-- Your task --
Apart from the pictures, reproduce the data below exactly as it stands.

-- Material provided --
☆ ☆ ☆

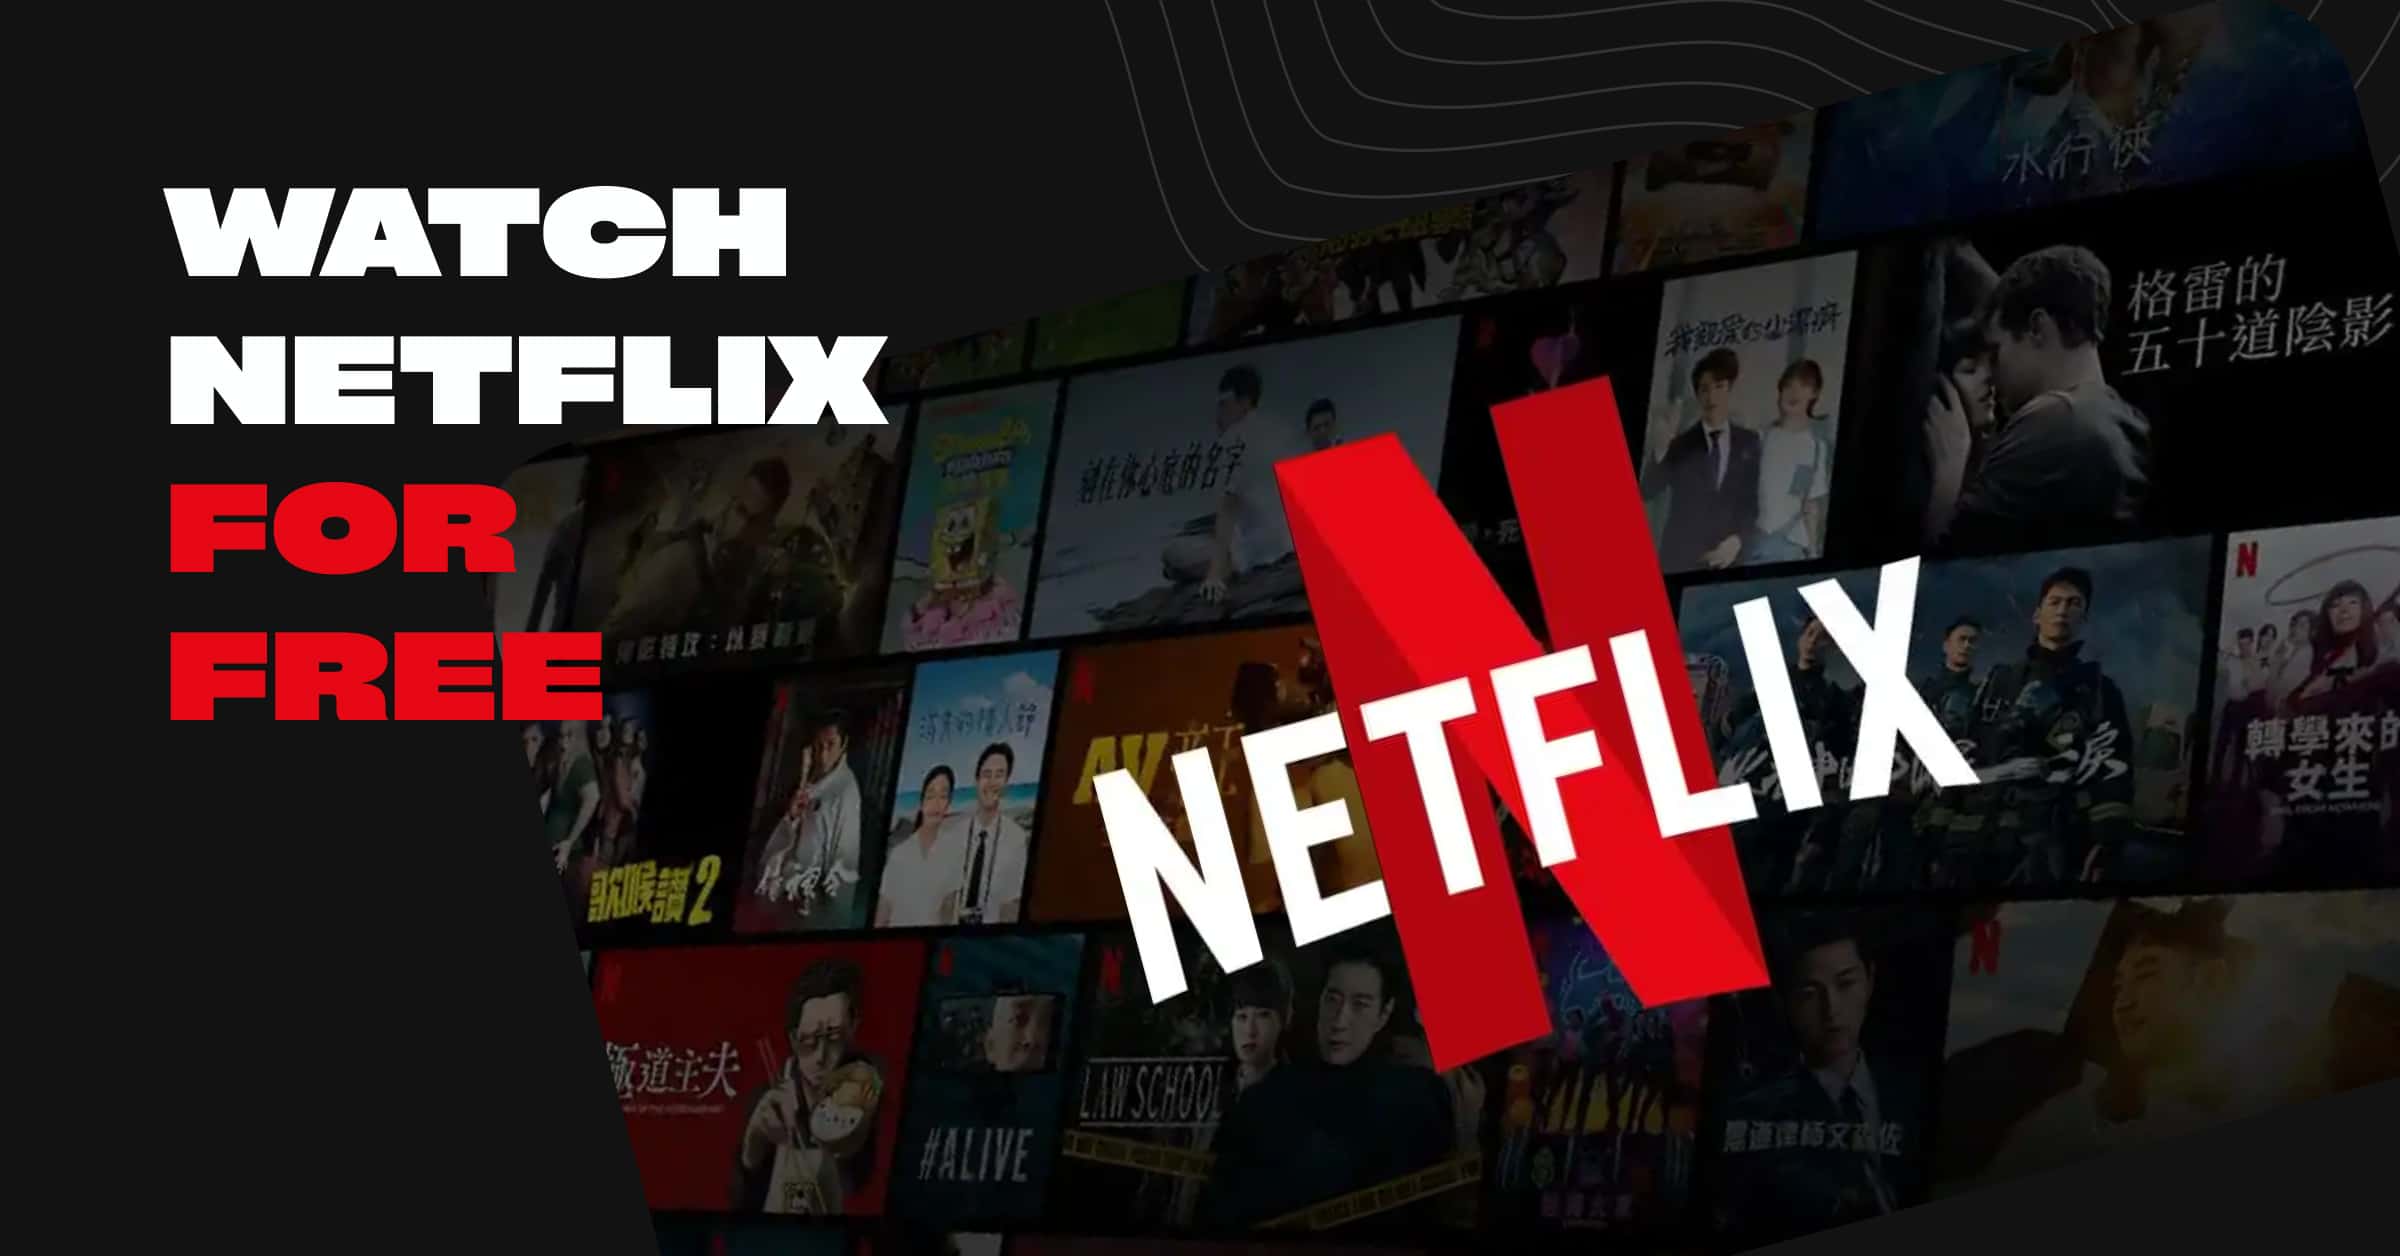 Netflix Gift Card Compare prices
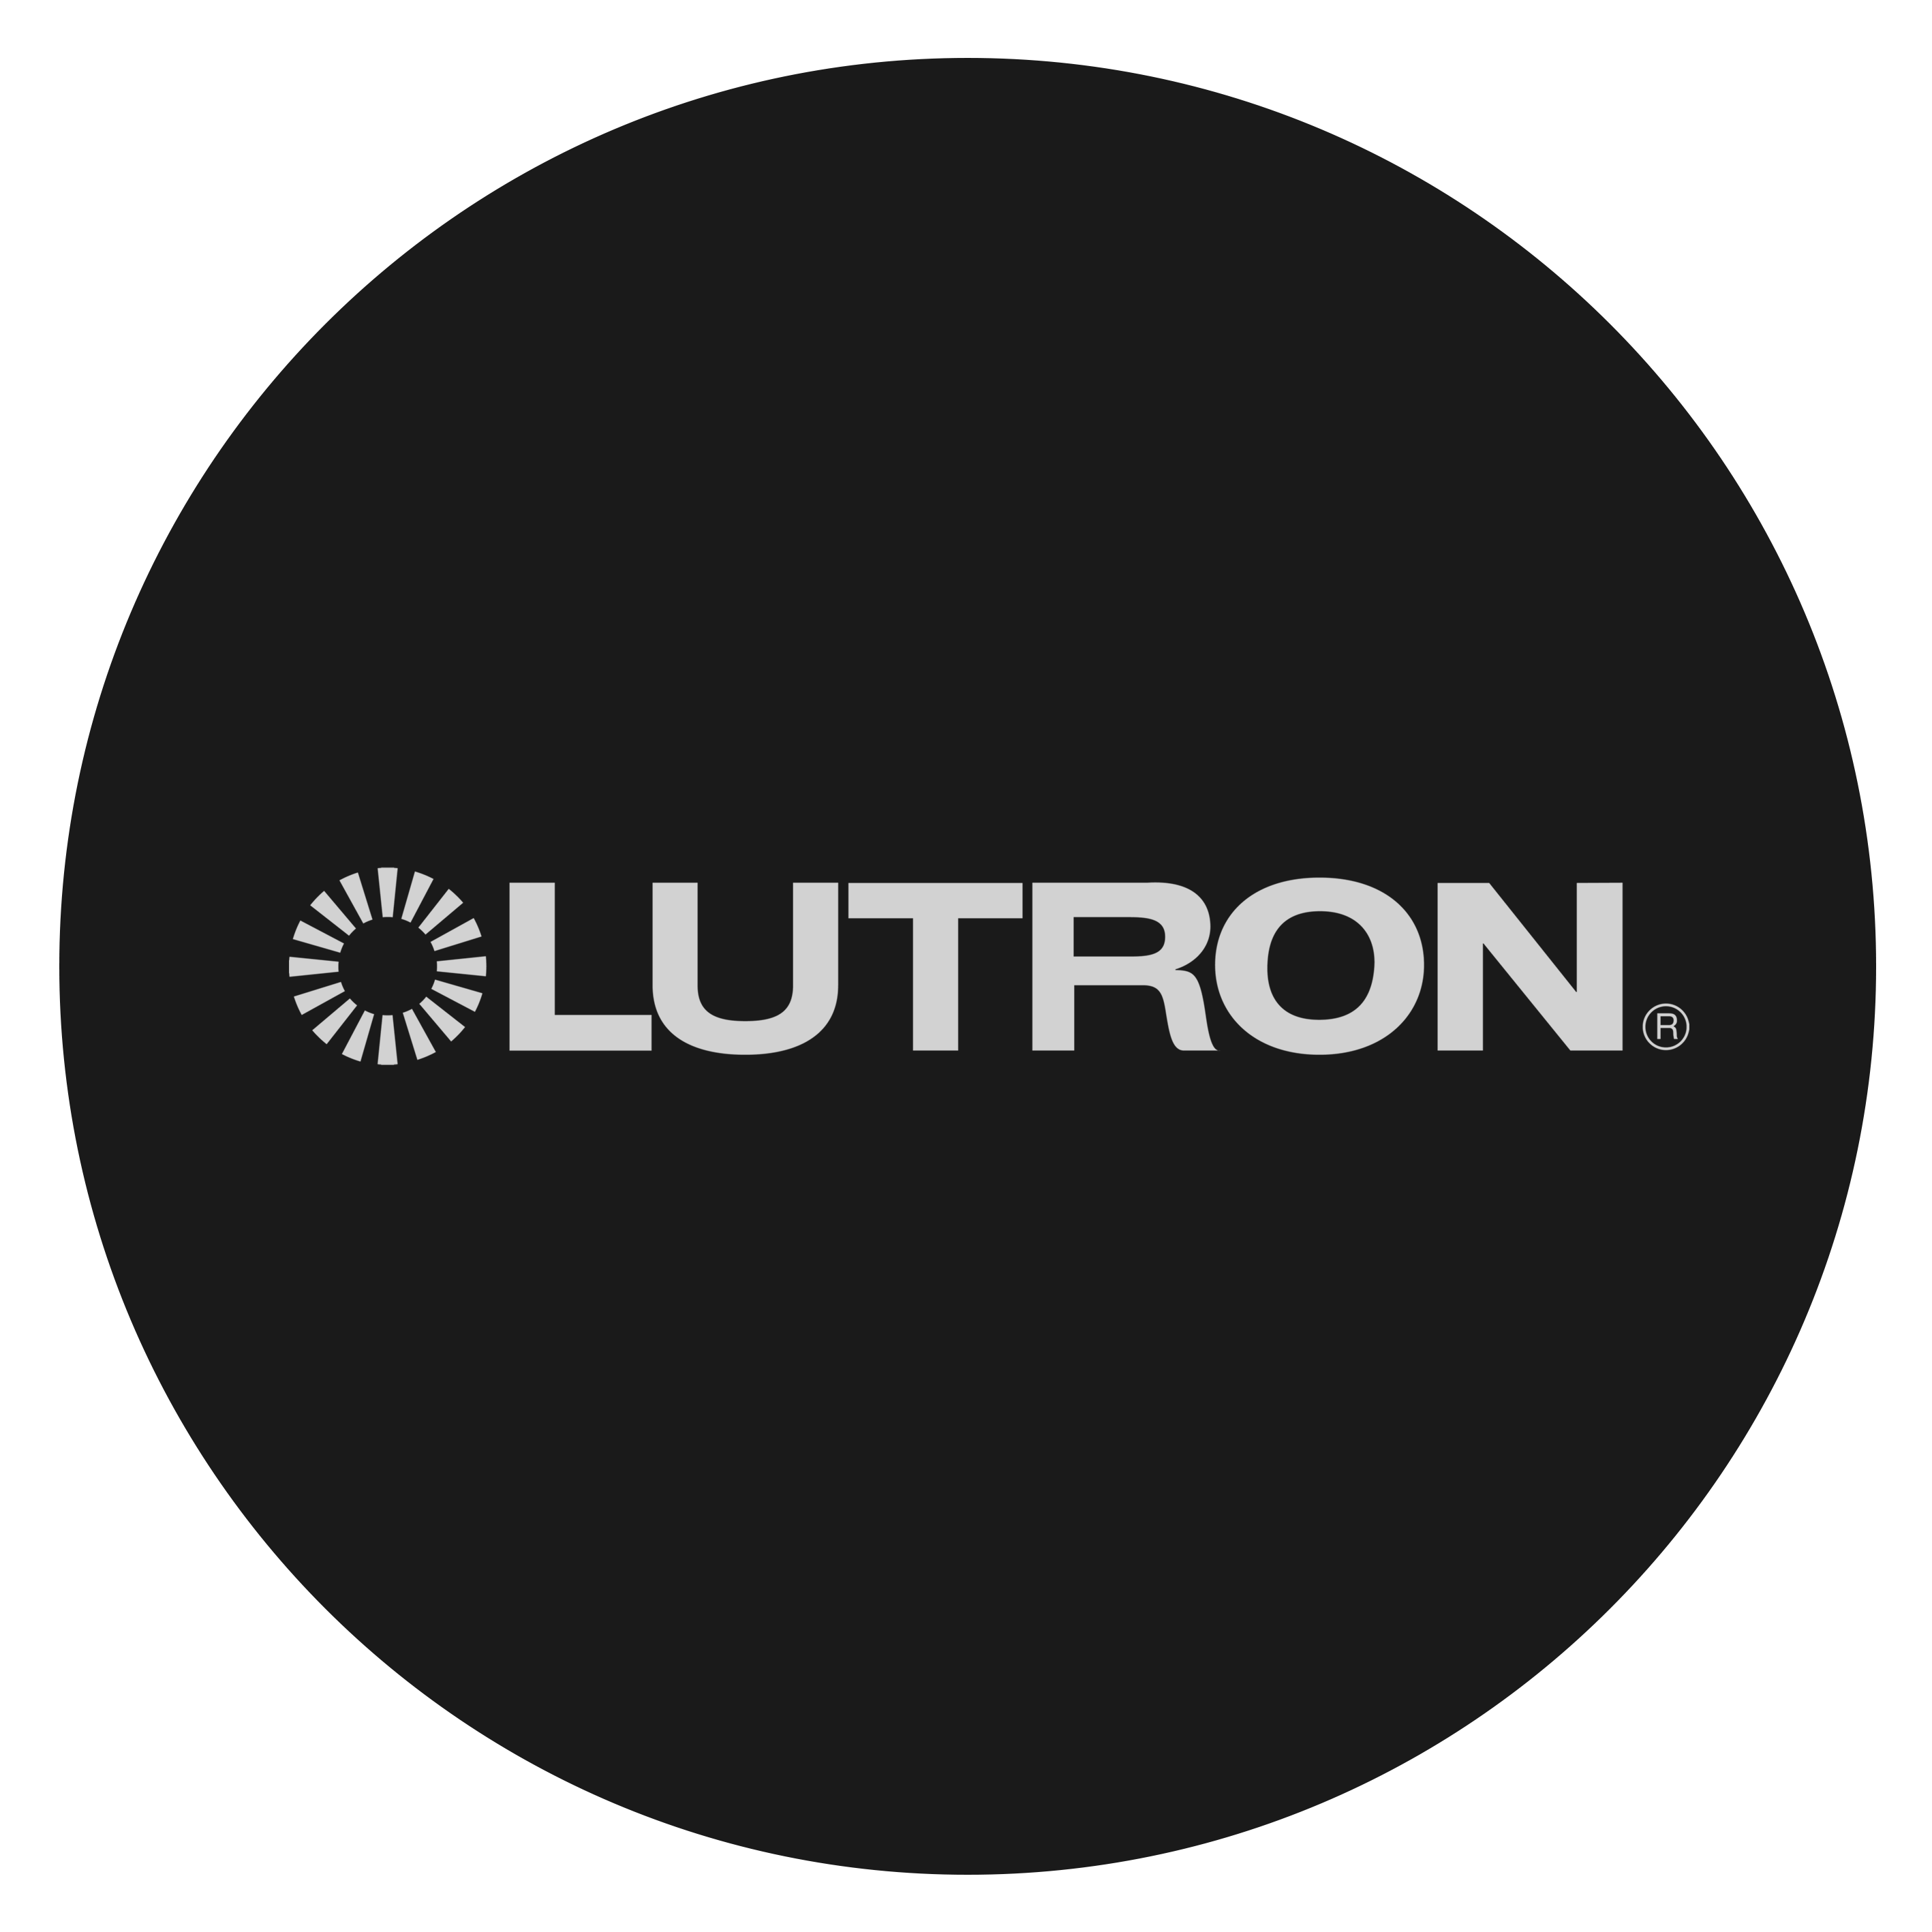 Lutron in uOS
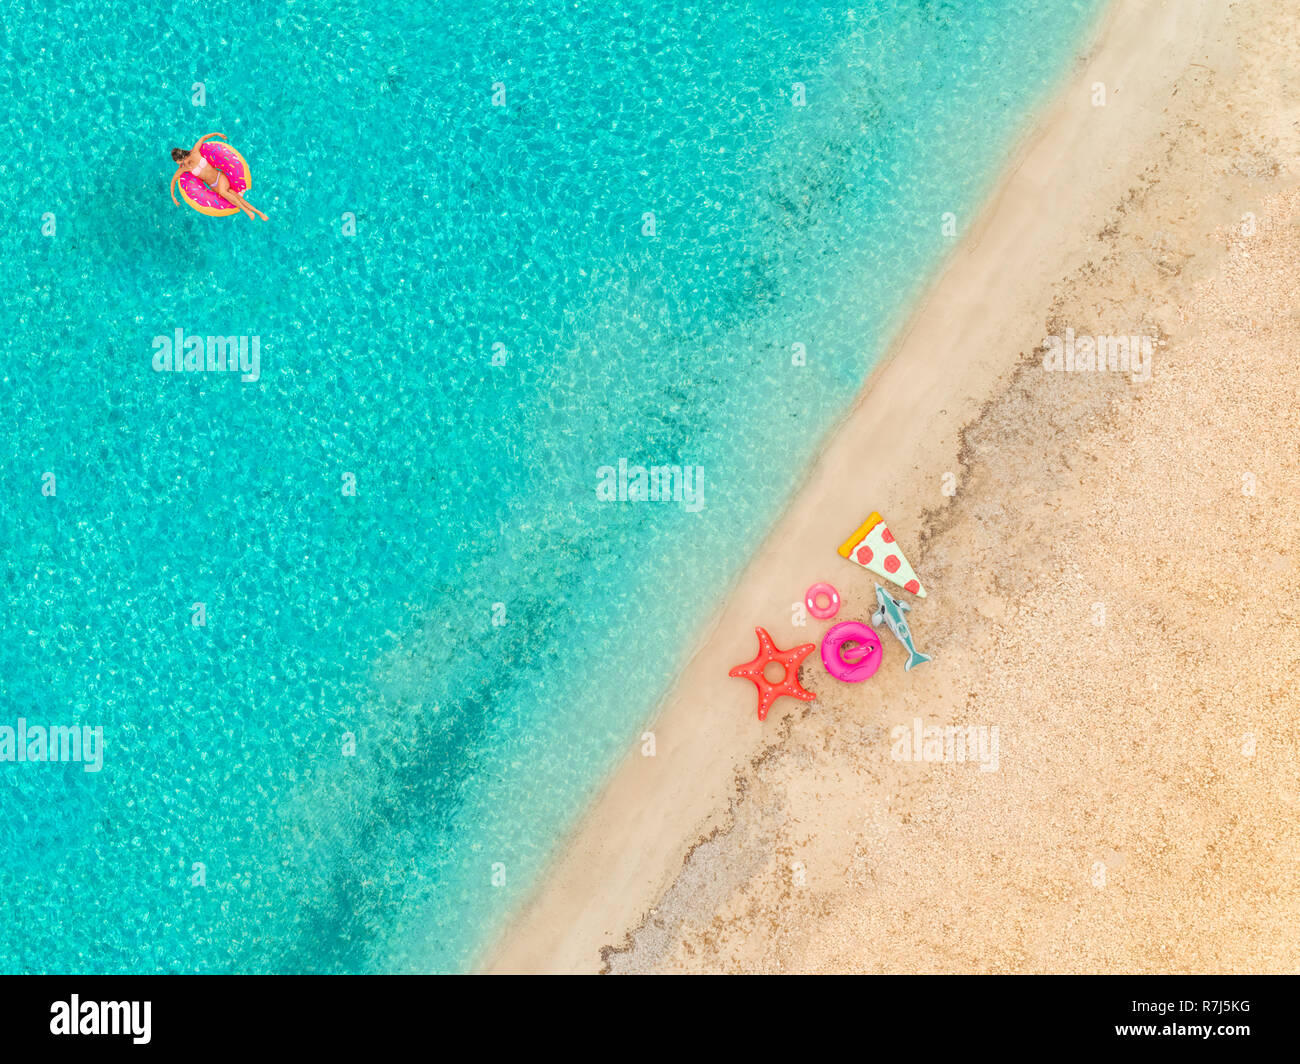 Aerial view of woman floating on inflatable donut mattress by sandy beach and inflatable rings. Stock Photo

☆ ☆ ☆

-- Written response --
 Netflix Gift Card Compare prices
 Lutron in uOS
 Aerial view of woman floating on inflatable donut mattress by sandy beach and inflatable rings. Stock Photo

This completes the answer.